═══ SUPPLIED DATA ═══

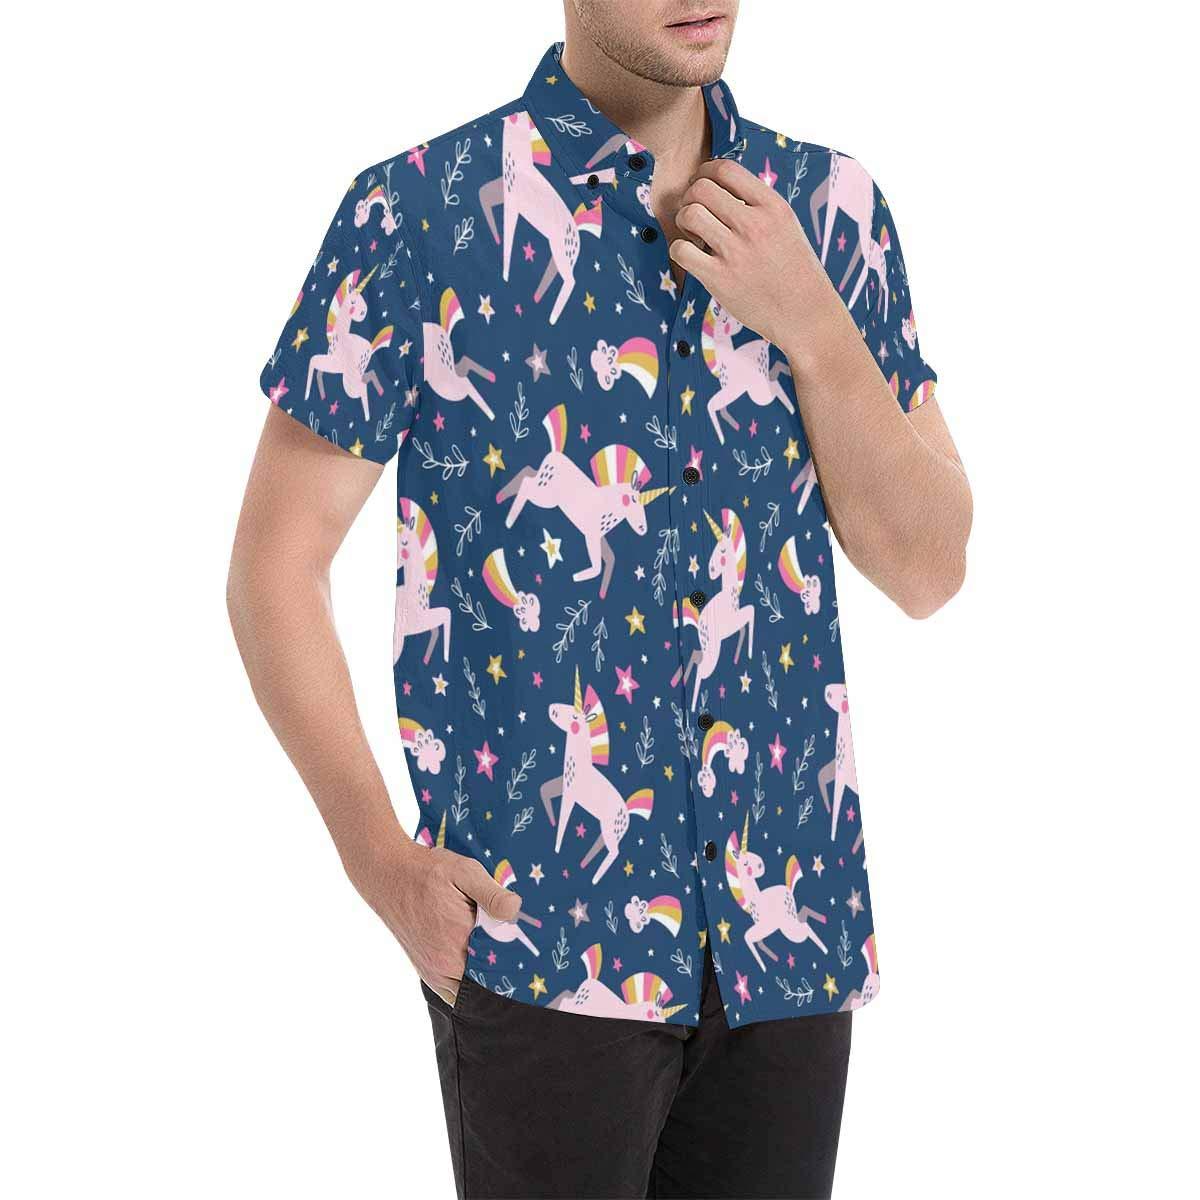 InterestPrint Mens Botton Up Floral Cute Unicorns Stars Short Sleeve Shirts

═══
═══ SUPPLIED DATA ═══

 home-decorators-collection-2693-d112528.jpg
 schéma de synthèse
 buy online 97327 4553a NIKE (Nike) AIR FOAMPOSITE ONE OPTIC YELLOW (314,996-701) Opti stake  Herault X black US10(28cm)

═══
═══ SUPPLIED DATA ═══

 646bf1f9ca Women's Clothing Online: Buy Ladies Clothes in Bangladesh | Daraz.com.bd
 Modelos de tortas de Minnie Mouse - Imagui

═══

Once you reach the line with "schéma de synthèse" in the data above, copy it and every line after it exactly, up to and including the line with "buy online 97327".

 schéma de synthèse
 buy online 97327 4553a NIKE (Nike) AIR FOAMPOSITE ONE OPTIC YELLOW (314,996-701) Opti stake  Herault X black US10(28cm)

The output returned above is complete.